[社説]辺野古訴訟 住民「勝訴」 実質審理求める判決だ

 名護市辺野古の新基地建設を巡って15日、二つの新たな動きがあった。 

 一つは訴訟における住民側の勝利である。

 辺野古周辺の住民が、埋め立てを認めた国土交通相の裁決を違法と訴えた裁判で、福岡高裁那覇支部は「原告適格」がないとした一審判決を取り消し、審理を差し戻す判決を言い渡した。

 2年前の一審では原告適格が認められず「門前払い」となったが、原告適格が認められたことで、実質審理へ光明が差したことになる。

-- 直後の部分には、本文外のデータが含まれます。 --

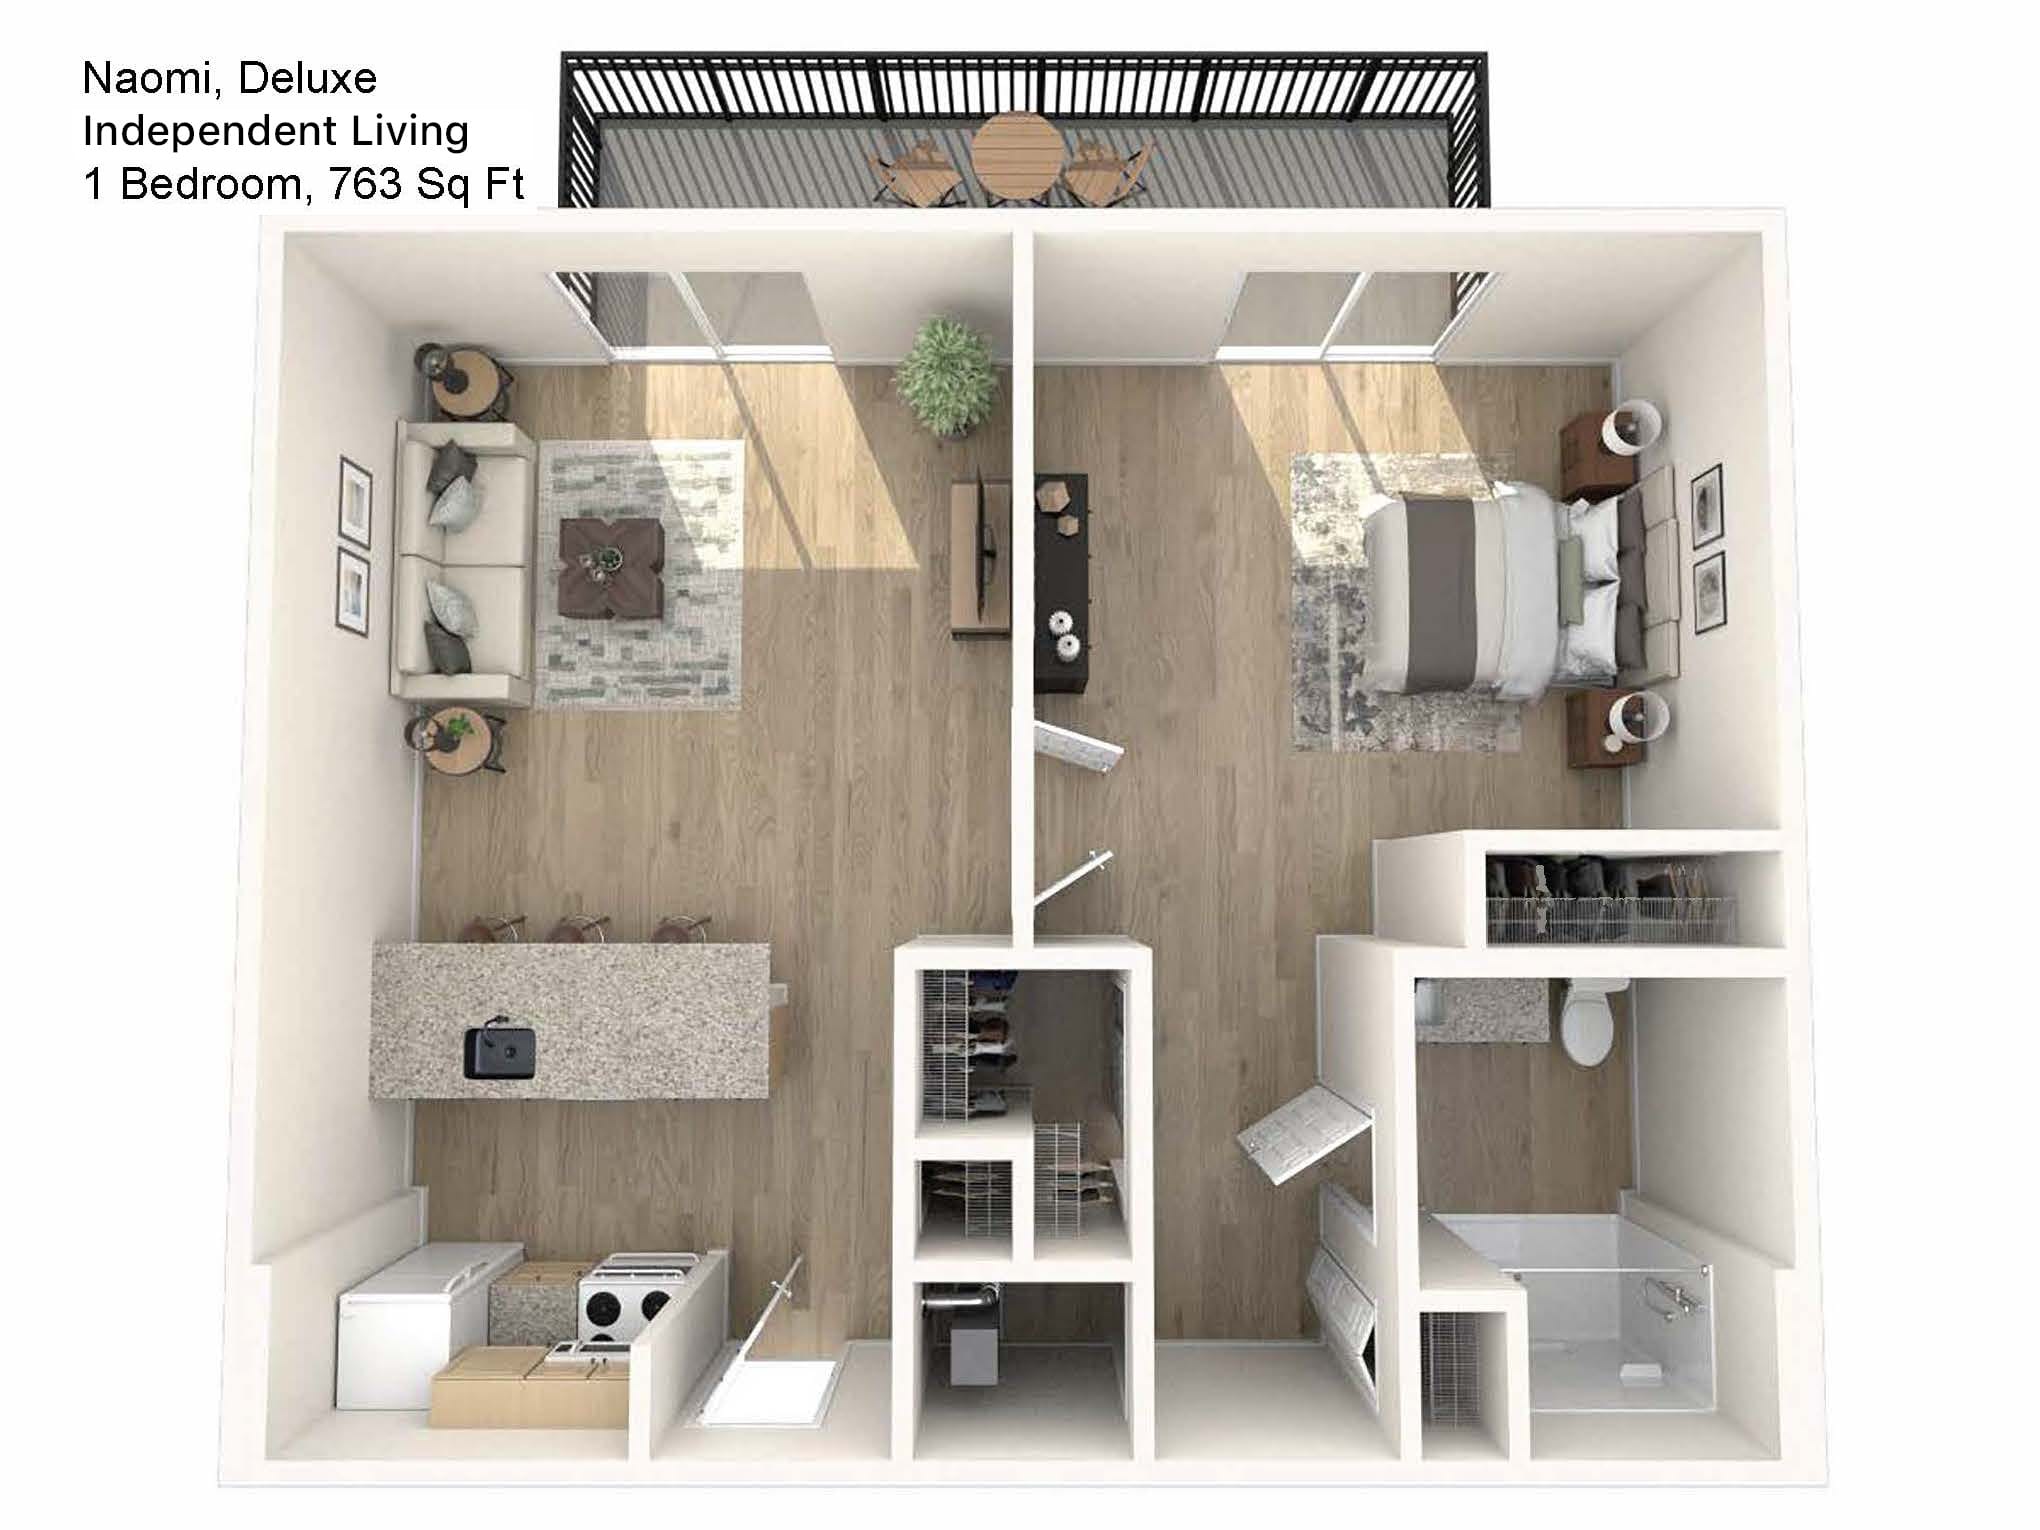 Sarah Community Deluxe Independent Living Floor Plan

 三浦隆志裁判長は、原告4人の住む場所や住居の高さから、埋め立てに伴う騒音や振動、航空機の衝突や墜落事故といった健康や生活環境に著しい被害を直接的に受ける恐れがあると指摘した。

 さらに判決は、公有水面埋立法には被害を受けないという利益を保護すべきとの趣旨も含まれるとの解釈を示した。

 今回の高裁判決は、本来保護されるべき生活上の権利に向き合ったまっとうな判断である。

 これまで辺野古の埋め立てを巡る訴訟では、県や住民の訴えの多くで原告適格が認められず、実質審理がなされなかった。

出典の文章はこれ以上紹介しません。